The vast Changi terminal, Singapore, is designed to satisfy every desire of the weary traveler, mostly sleep. Upon stepping off the plane, you can sit in one of the free calf and foot massage chairs littered throughout the terminals to settle for 15 minutes of muscle squeezing and lymph drainage. Or head directly to one of the hands on massage or foot reflexology lounges. Whereas most airports provide chairs and benches with armrests to ensure that transit passenger remain vertical, there is no location in the Changi airport where it would be considered undignified to sleep. From long padded benches to couches and even reclining chaise lounges, spreading out and relaxing are encouraged. The dozens of TV lounges provide over-sized padded chairs circled around a large screen broadcasting (according to the lounge’s theme) international news channels, sports or the daytime talk shows. Those who prefer not to fall asleep in front of the Oprah Winfrey show can settle into one of the reclining chairs in a secluded resting lounge, a corridor facing a stone wall water fountain. Or for complete privacy the transit hotel rooms equipped with attached, bathroom are available for 6 hours. For a three-hour nap you can rent a small room with a bed and attached bath. For $10 you can use the gym (gym clothes and shoes available for rent) and showers.

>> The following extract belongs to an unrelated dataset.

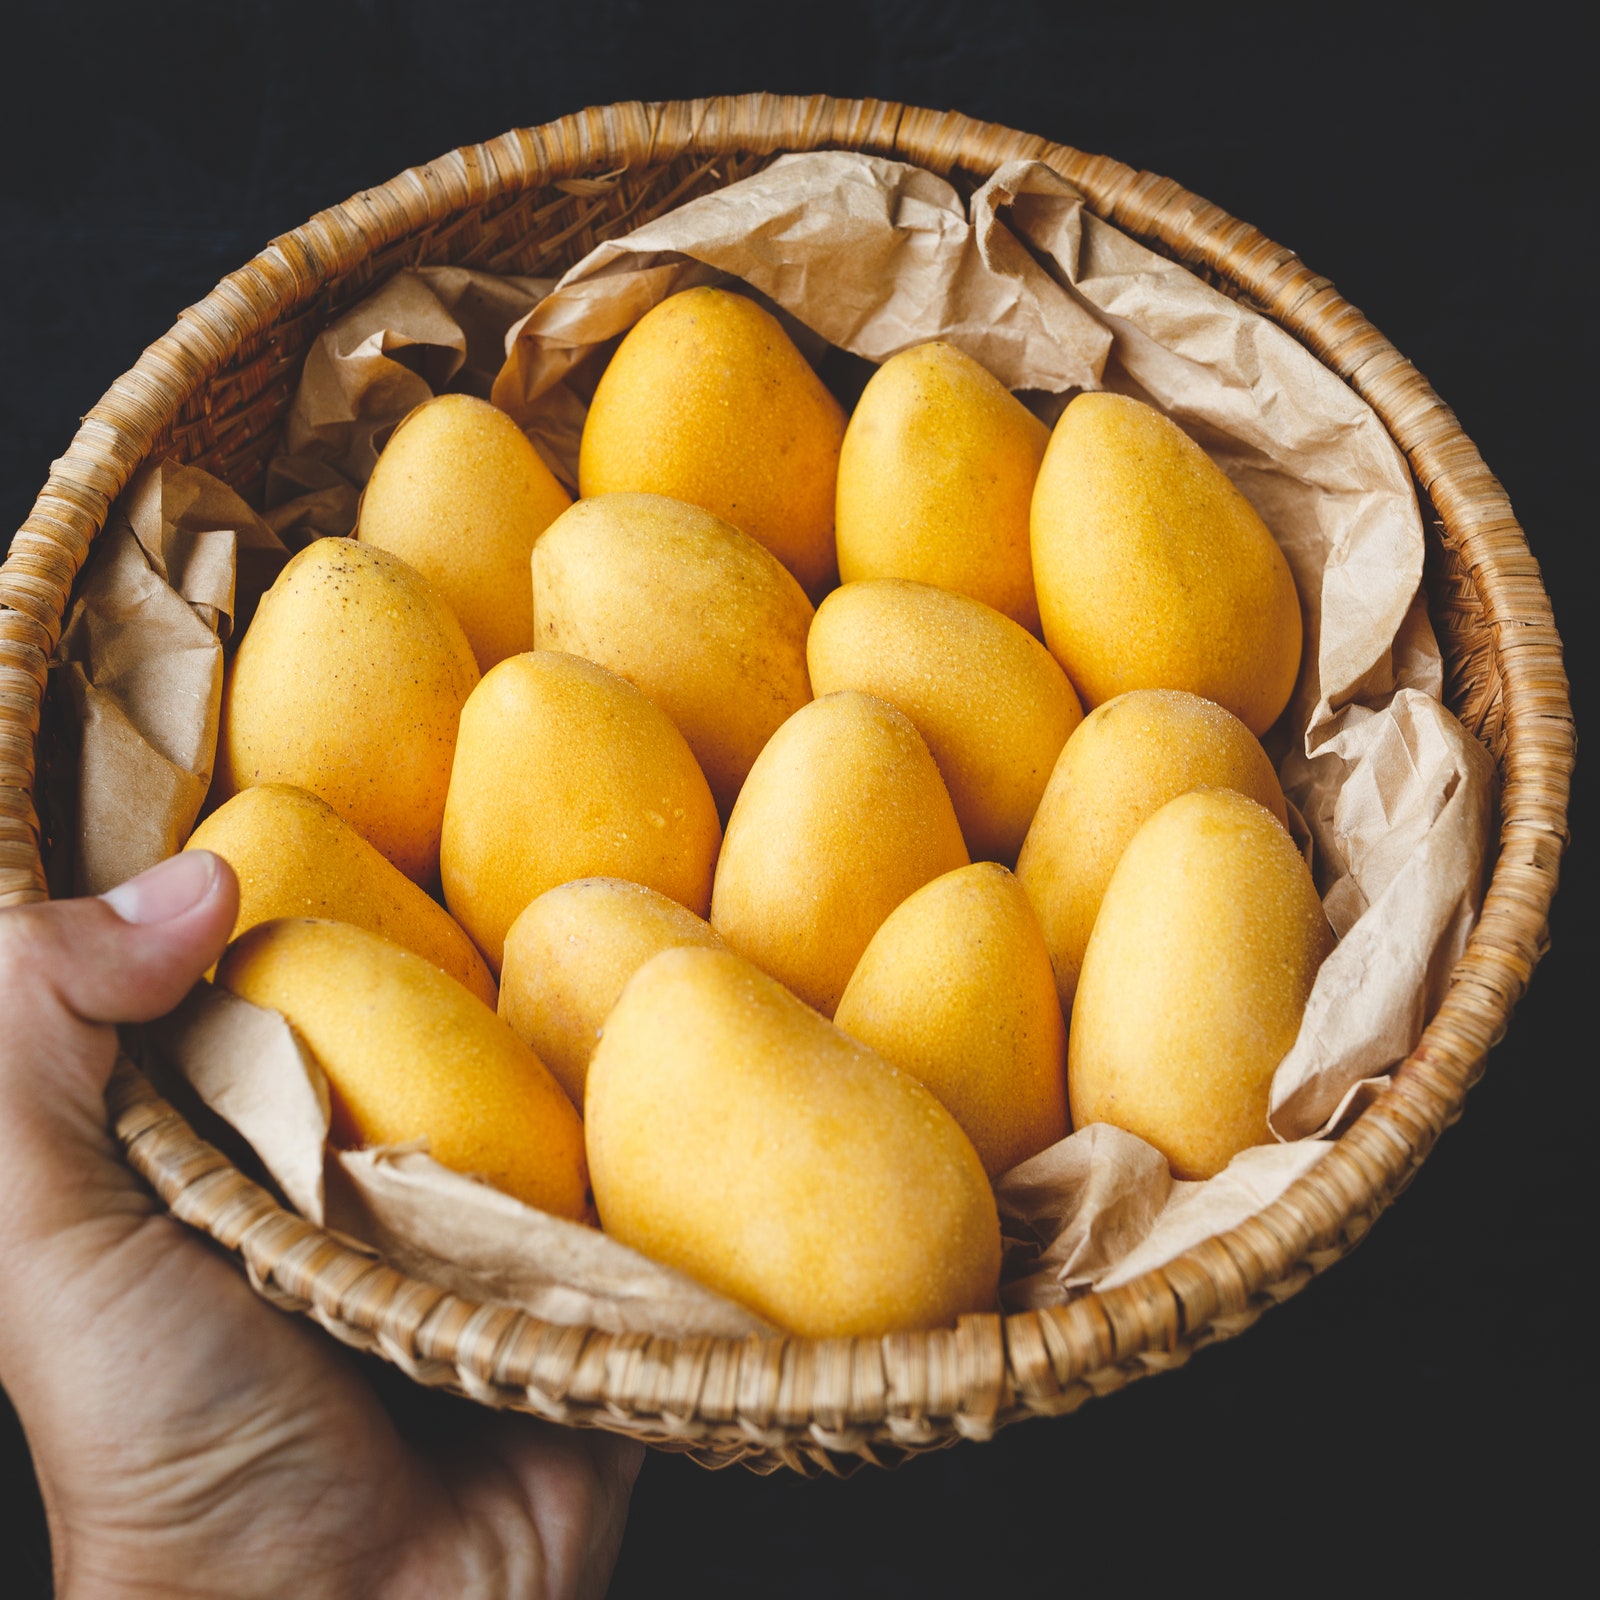 Блюда с пюре из манго &- главный фуд-тренд 2021 года
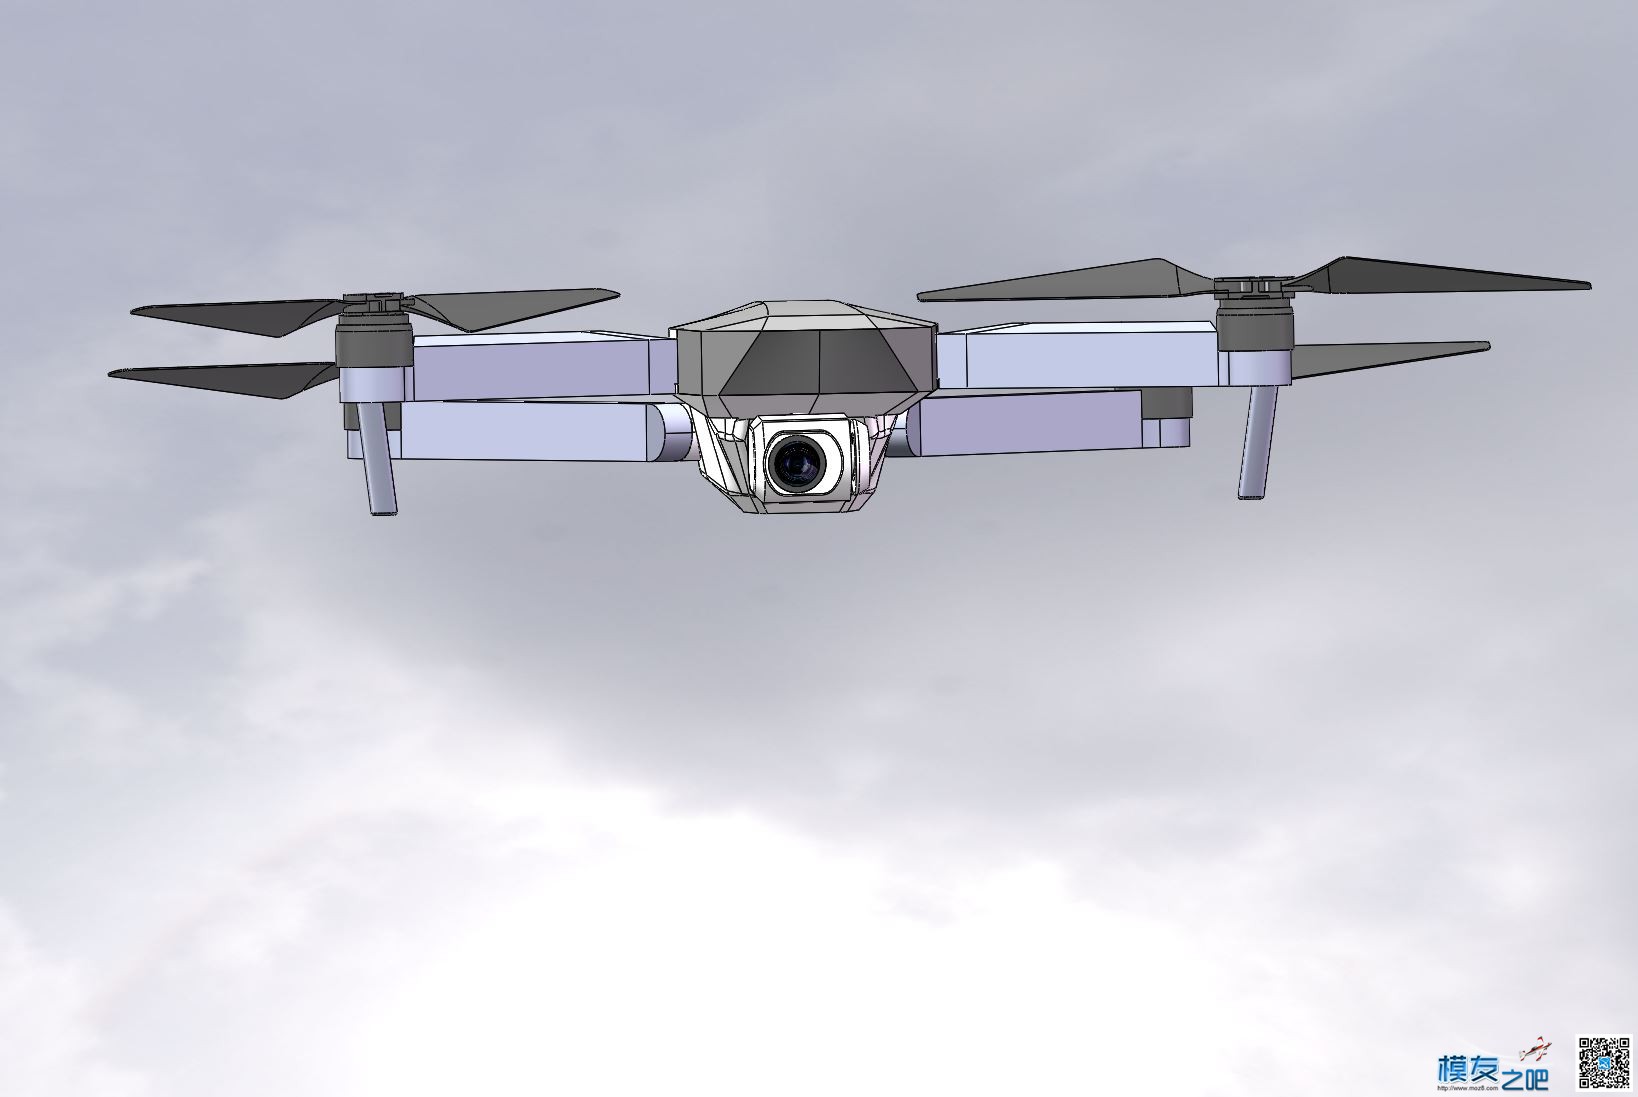 自制大疆mavic折叠无人机 全新设计 慢更 无人机,穿越机,电池,云台,图传 作者:zoney 6393

Free internet computers are plentifully scattered throughout the airport as well as free wifi and charging stations. You can stand on a bridge and watch the robust koi fed daily at specified times in the sleek back marble pond or experience the local climate in a screened-in butterfly garden. Hanging folded from trees, apparently butterflies also sleep at night. Waking entertainment includes shopping malls, a 24 hour free movie theater, local craft demonstrations, children’s playrooms, or a stroll through a fern or orchid garden. Food courts offer plenty of Southeast Asian dining as well as dim sum, Indian, Italian cuisine or the usual American fast food franchises. And to stay awake as you prepare to arrive in your next destination in the early morning, you can choose coffee from the American chains, Italian espresso, or sample the local kopi, a strong coffee concentrate mixed with hot water and condensed milk. Or to put you right back to sleep, have your kopi with its traditional Indonesian breakfast of soft poached eggs stirred with soy sauce into a brown soup served alongside wide toasted slices of fluffy white bread spread thick with butter and kaya (coconut custard).